What you are asked to do: Search the records below for "Giáo trình Định". Return that line and all remaining lines exactly.

Data to process:

▽

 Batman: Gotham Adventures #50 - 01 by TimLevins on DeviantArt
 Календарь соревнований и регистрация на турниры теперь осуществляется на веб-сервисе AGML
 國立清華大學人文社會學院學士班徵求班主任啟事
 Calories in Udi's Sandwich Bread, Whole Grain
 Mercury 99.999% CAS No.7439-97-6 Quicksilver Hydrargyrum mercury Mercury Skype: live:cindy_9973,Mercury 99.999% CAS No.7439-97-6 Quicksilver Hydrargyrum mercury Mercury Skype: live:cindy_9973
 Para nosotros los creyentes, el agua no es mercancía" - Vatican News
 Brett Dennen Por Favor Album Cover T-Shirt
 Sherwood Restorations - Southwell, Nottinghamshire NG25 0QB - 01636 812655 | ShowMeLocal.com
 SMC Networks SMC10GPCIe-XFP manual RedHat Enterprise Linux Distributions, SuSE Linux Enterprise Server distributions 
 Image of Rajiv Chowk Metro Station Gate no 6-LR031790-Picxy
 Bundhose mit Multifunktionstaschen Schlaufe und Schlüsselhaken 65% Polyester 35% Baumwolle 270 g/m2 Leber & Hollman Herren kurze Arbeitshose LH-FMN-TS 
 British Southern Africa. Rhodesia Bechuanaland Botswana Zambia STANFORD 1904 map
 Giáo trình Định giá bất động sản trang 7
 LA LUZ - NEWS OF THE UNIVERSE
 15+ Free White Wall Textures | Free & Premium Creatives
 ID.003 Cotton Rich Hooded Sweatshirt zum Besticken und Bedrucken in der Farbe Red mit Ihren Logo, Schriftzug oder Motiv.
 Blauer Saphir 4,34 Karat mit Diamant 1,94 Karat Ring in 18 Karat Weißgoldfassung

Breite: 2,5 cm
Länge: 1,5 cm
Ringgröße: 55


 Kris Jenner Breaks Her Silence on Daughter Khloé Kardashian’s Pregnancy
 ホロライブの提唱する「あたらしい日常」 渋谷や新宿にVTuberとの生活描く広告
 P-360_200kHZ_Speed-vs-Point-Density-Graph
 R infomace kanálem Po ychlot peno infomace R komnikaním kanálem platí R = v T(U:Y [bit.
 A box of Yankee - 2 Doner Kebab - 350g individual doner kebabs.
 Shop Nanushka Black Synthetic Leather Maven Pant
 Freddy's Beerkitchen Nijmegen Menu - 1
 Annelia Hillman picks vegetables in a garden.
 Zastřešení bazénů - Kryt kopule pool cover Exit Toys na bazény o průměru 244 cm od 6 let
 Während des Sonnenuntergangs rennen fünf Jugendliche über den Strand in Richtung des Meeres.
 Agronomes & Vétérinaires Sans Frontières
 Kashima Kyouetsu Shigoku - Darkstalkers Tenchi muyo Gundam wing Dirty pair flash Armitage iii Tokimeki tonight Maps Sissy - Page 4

△

Answer below:
 Giáo trình Định giá bất động sản trang 7
 LA LUZ - NEWS OF THE UNIVERSE
 15+ Free White Wall Textures | Free & Premium Creatives
 ID.003 Cotton Rich Hooded Sweatshirt zum Besticken und Bedrucken in der Farbe Red mit Ihren Logo, Schriftzug oder Motiv.
 Blauer Saphir 4,34 Karat mit Diamant 1,94 Karat Ring in 18 Karat Weißgoldfassung

Breite: 2,5 cm
Länge: 1,5 cm
Ringgröße: 55


 Kris Jenner Breaks Her Silence on Daughter Khloé Kardashian’s Pregnancy
 ホロライブの提唱する「あたらしい日常」 渋谷や新宿にVTuberとの生活描く広告
 P-360_200kHZ_Speed-vs-Point-Density-Graph
 R infomace kanálem Po ychlot peno infomace R komnikaním kanálem platí R = v T(U:Y [bit.
 A box of Yankee - 2 Doner Kebab - 350g individual doner kebabs.
 Shop Nanushka Black Synthetic Leather Maven Pant
 Freddy's Beerkitchen Nijmegen Menu - 1
 Annelia Hillman picks vegetables in a garden.
 Zastřešení bazénů - Kryt kopule pool cover Exit Toys na bazény o průměru 244 cm od 6 let
 Während des Sonnenuntergangs rennen fünf Jugendliche über den Strand in Richtung des Meeres.
 Agronomes & Vétérinaires Sans Frontières
 Kashima Kyouetsu Shigoku - Darkstalkers Tenchi muyo Gundam wing Dirty pair flash Armitage iii Tokimeki tonight Maps Sissy - Page 4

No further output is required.